(Information provided)

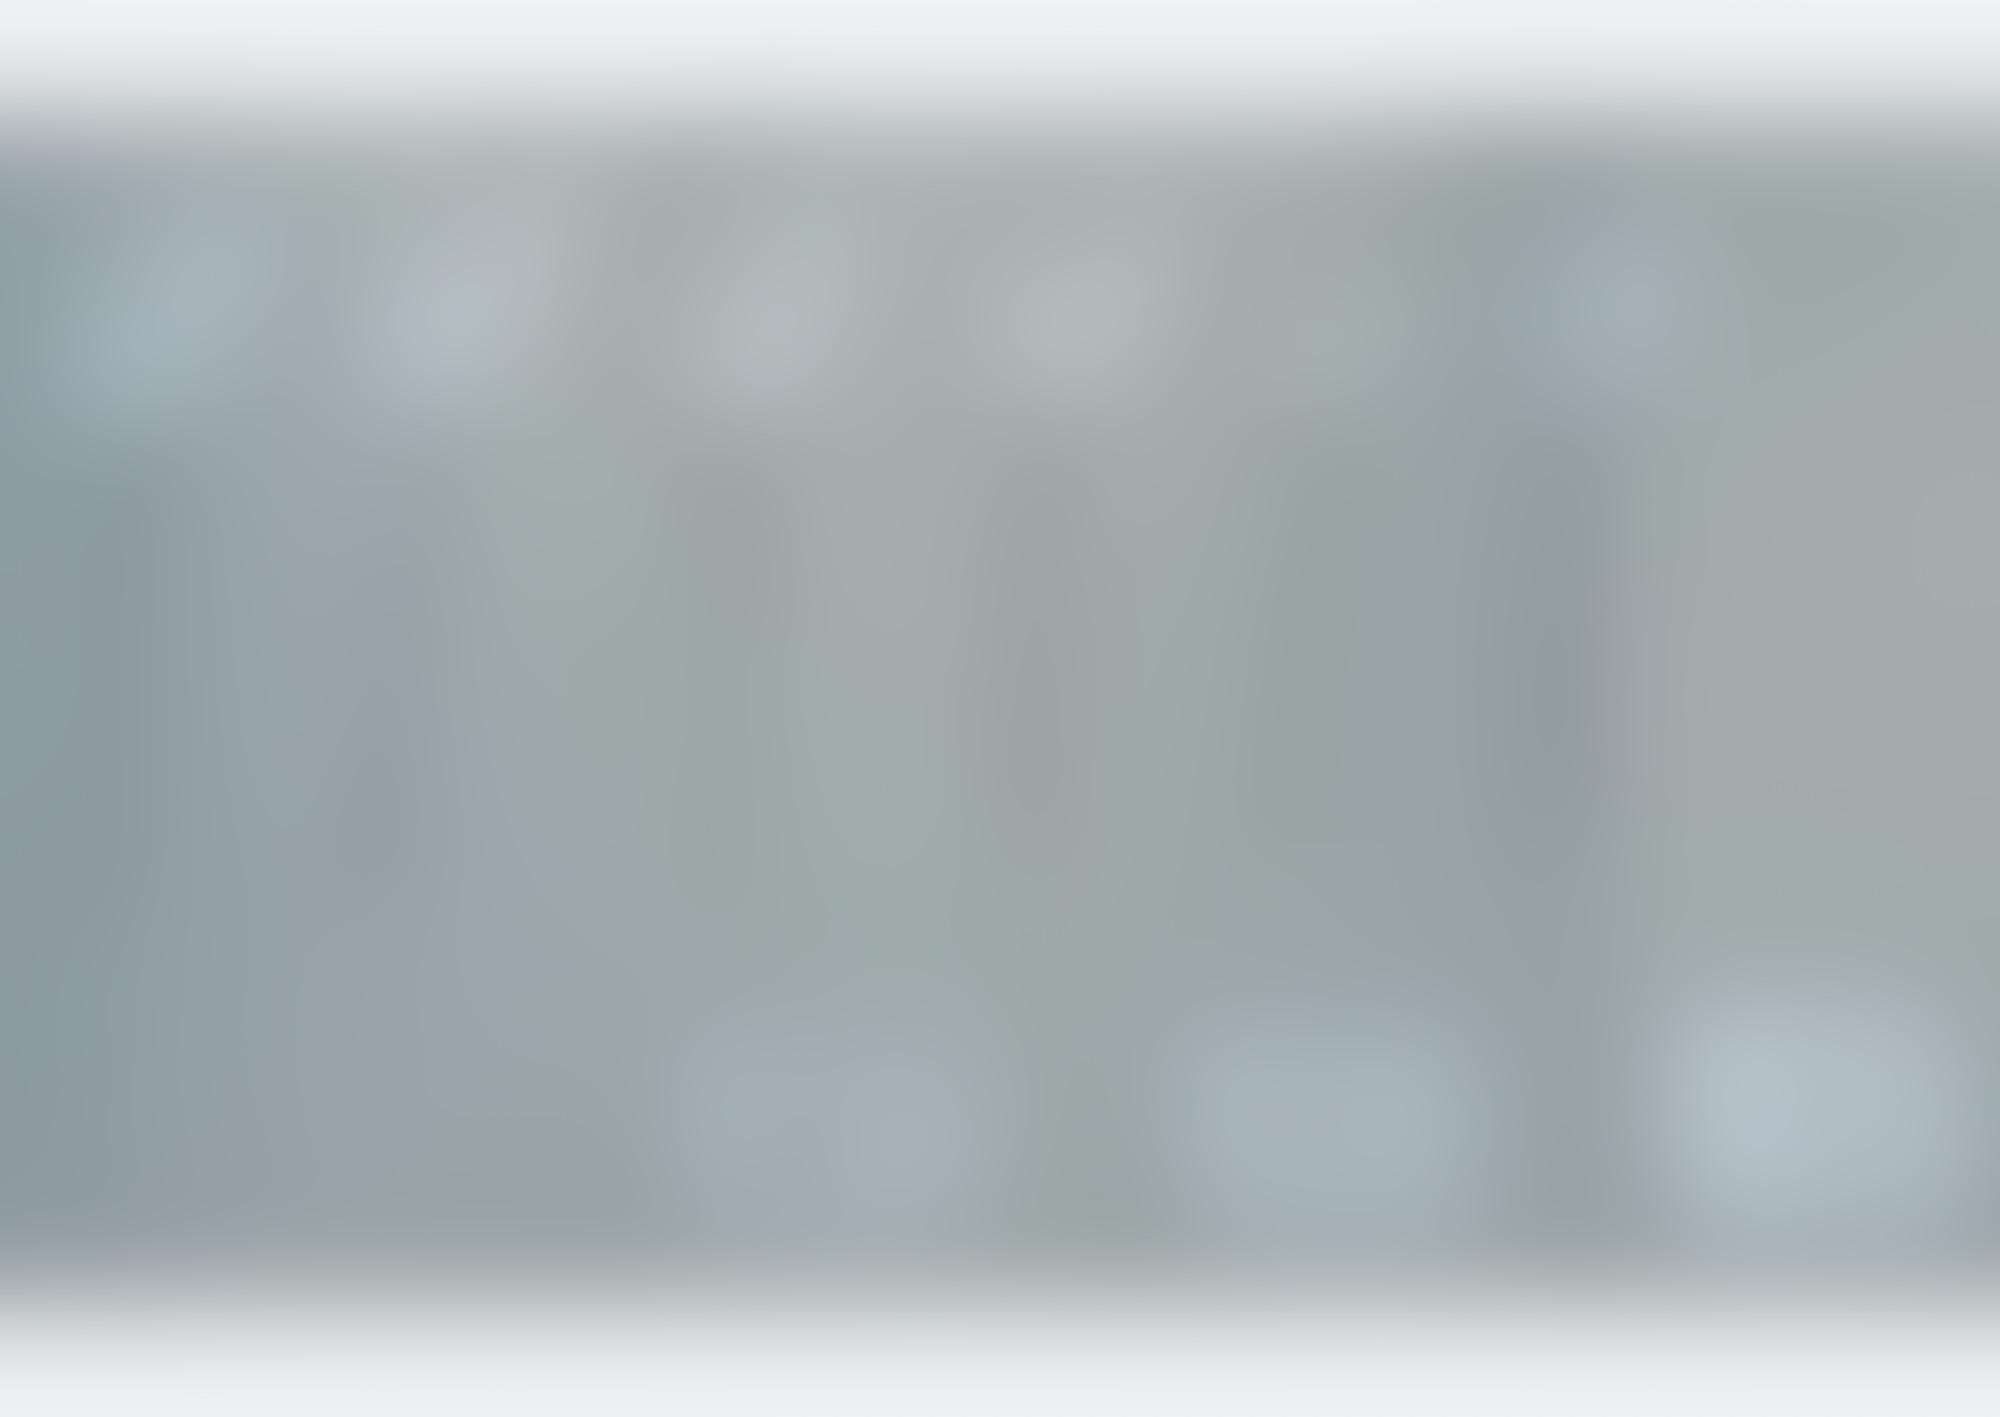 Firsthand header test2 3626d2998fb5d134a0dd6cfbd9ee8a26 autocompressfitresizeixlibphp 1 1 0max h2000max w3 D2000q80saec9ef70447ed06c438b782f4f7edc32
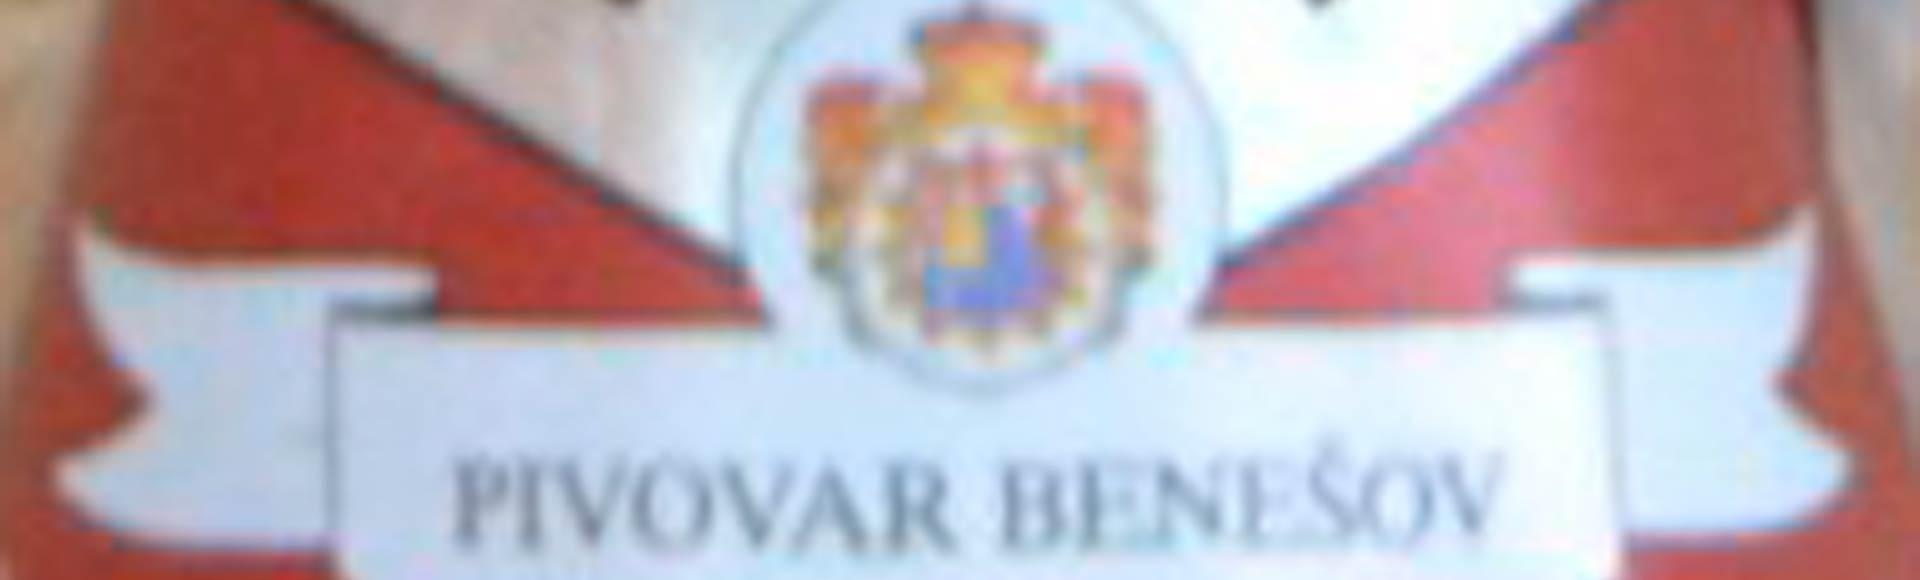 Sedm Kuli fra Pivovar Benesov
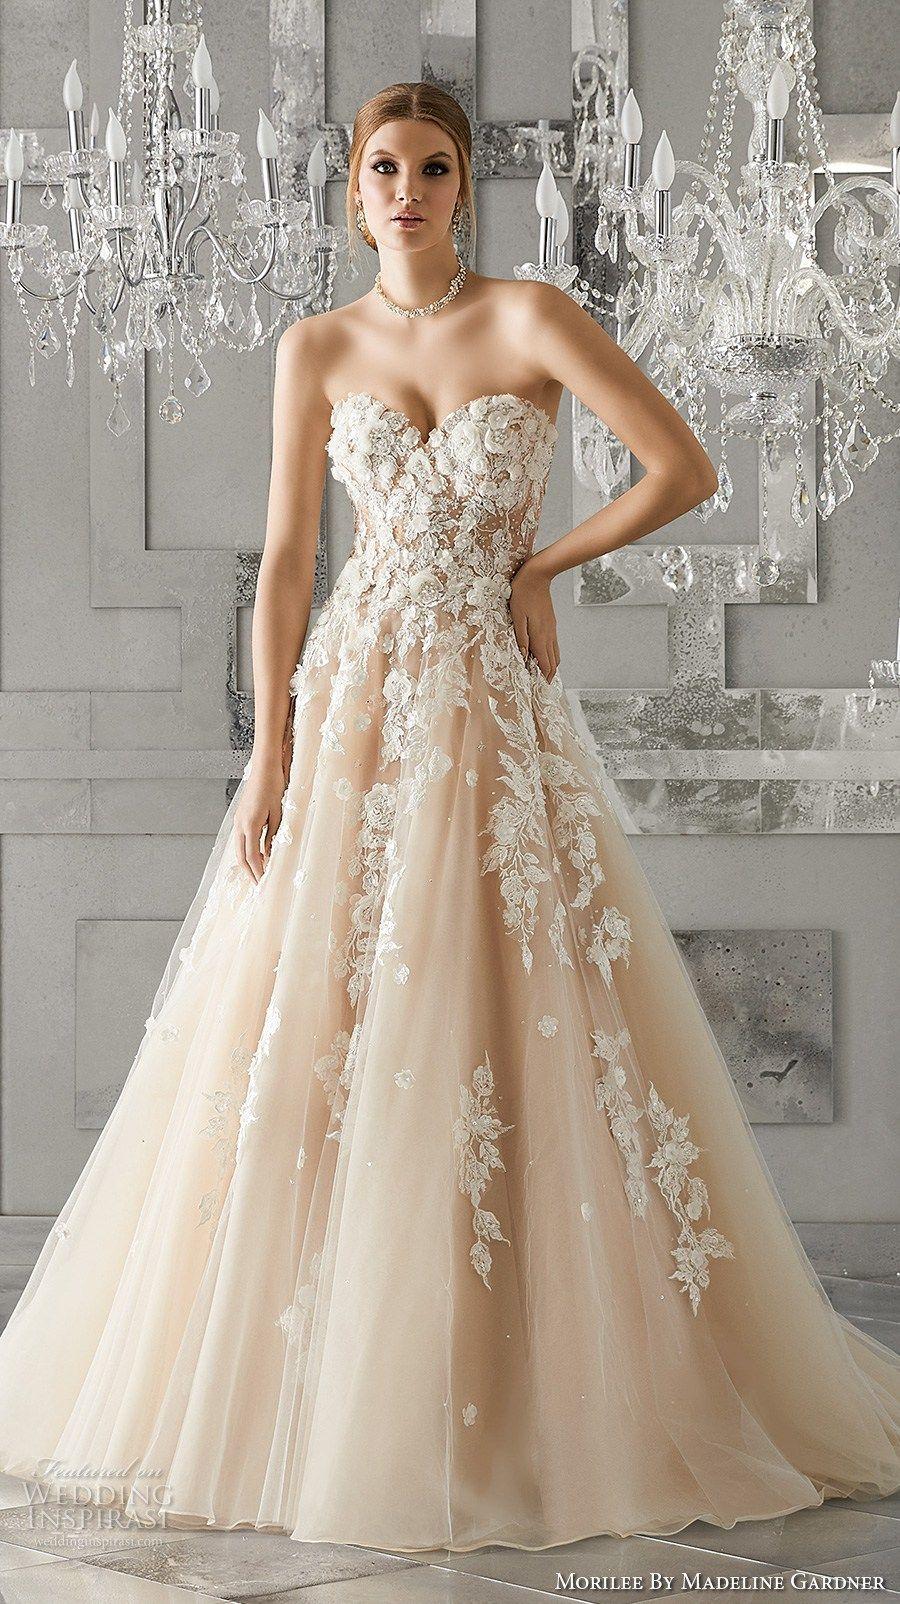 Mori lee madeline gardner wedding dress  Morilee by Madeline Gardner Fall  Wedding Dresses  Bridal

(End Information provided)

→ **Your task**
Each line above is to be duplicated exactly, and the pictures are to be omitted.

→ **Written solution**
 Firsthand header test2 3626d2998fb5d134a0dd6cfbd9ee8a26 autocompressfitresizeixlibphp 1 1 0max h2000max w3 D2000q80saec9ef70447ed06c438b782f4f7edc32
 Sedm Kuli fra Pivovar Benesov
 Mori lee madeline gardner wedding dress  Morilee by Madeline Gardner Fall  Wedding Dresses  Bridal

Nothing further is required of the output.